The data:
========

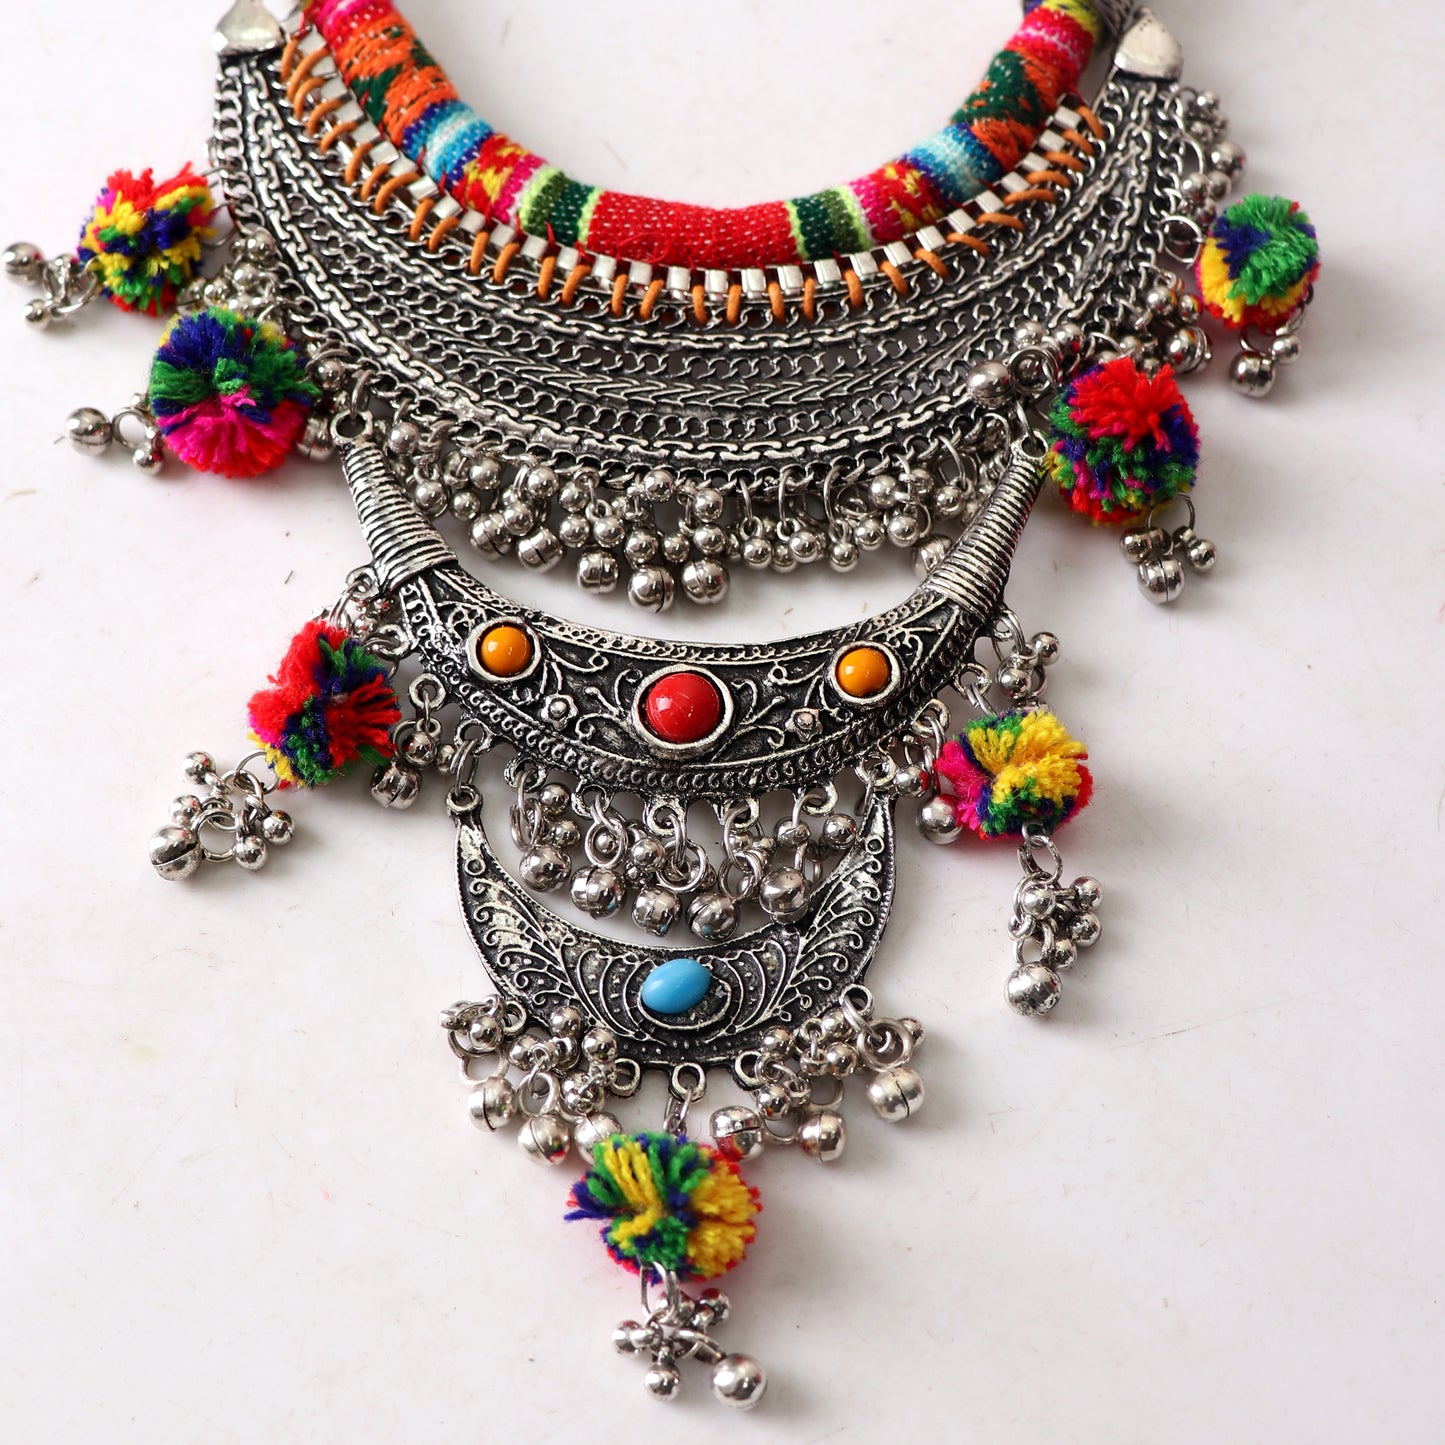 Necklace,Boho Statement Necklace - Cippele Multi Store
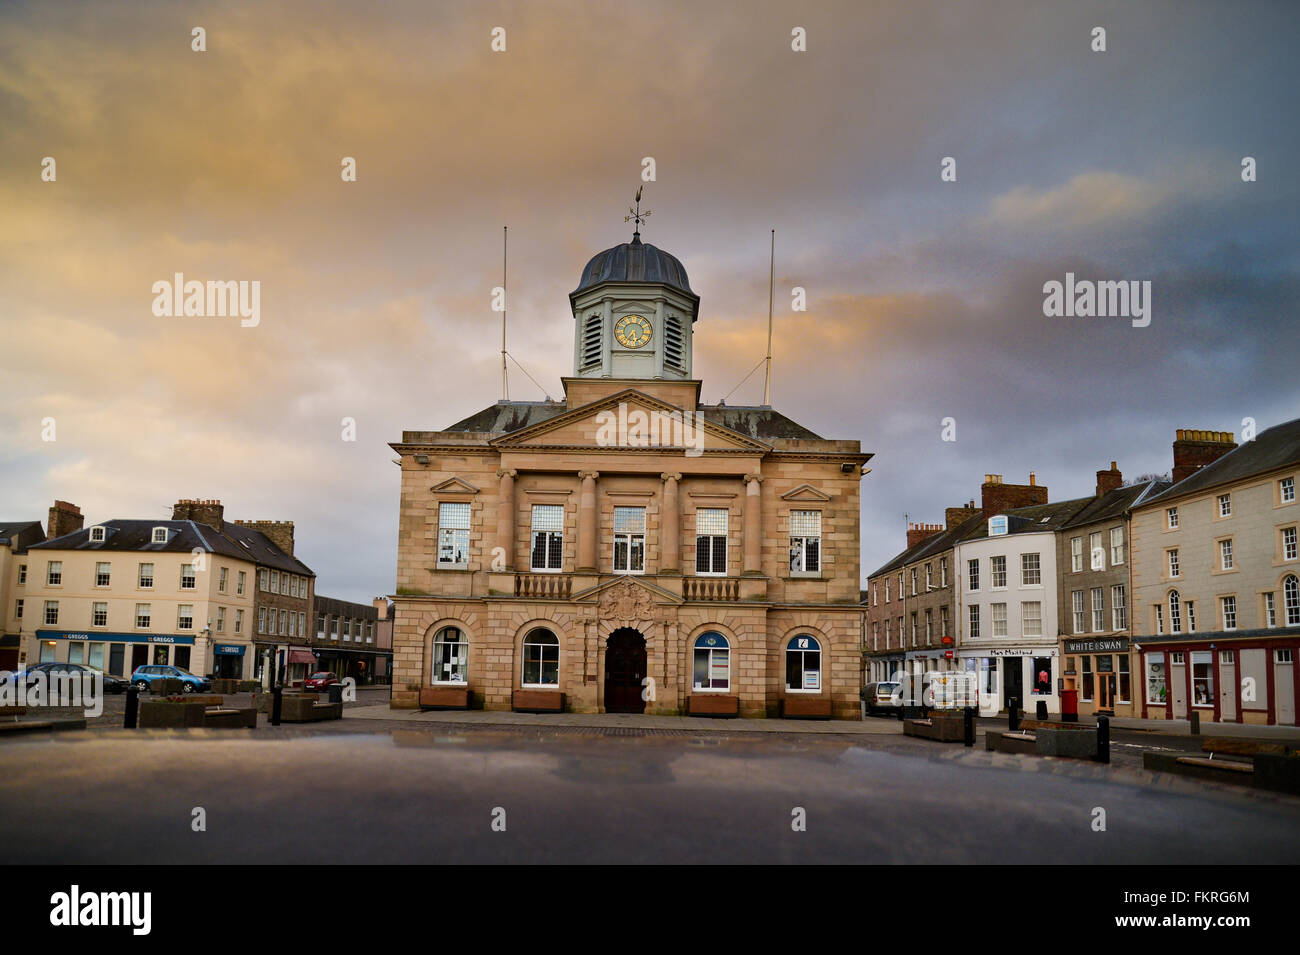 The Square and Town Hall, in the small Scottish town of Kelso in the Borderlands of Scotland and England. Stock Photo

========

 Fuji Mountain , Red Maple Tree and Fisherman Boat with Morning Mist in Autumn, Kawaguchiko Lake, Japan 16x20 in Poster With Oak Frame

========

Aim of the task:
In the entries above, find the line with "Necklace,Boho Statement Necklace" and the line with "The Square and". Write out exactly those two lines and every line between them, pictures excluded.

The completed task:
 Necklace,Boho Statement Necklace - Cippele Multi Store
 The Square and Town Hall, in the small Scottish town of Kelso in the Borderlands of Scotland and England. Stock Photo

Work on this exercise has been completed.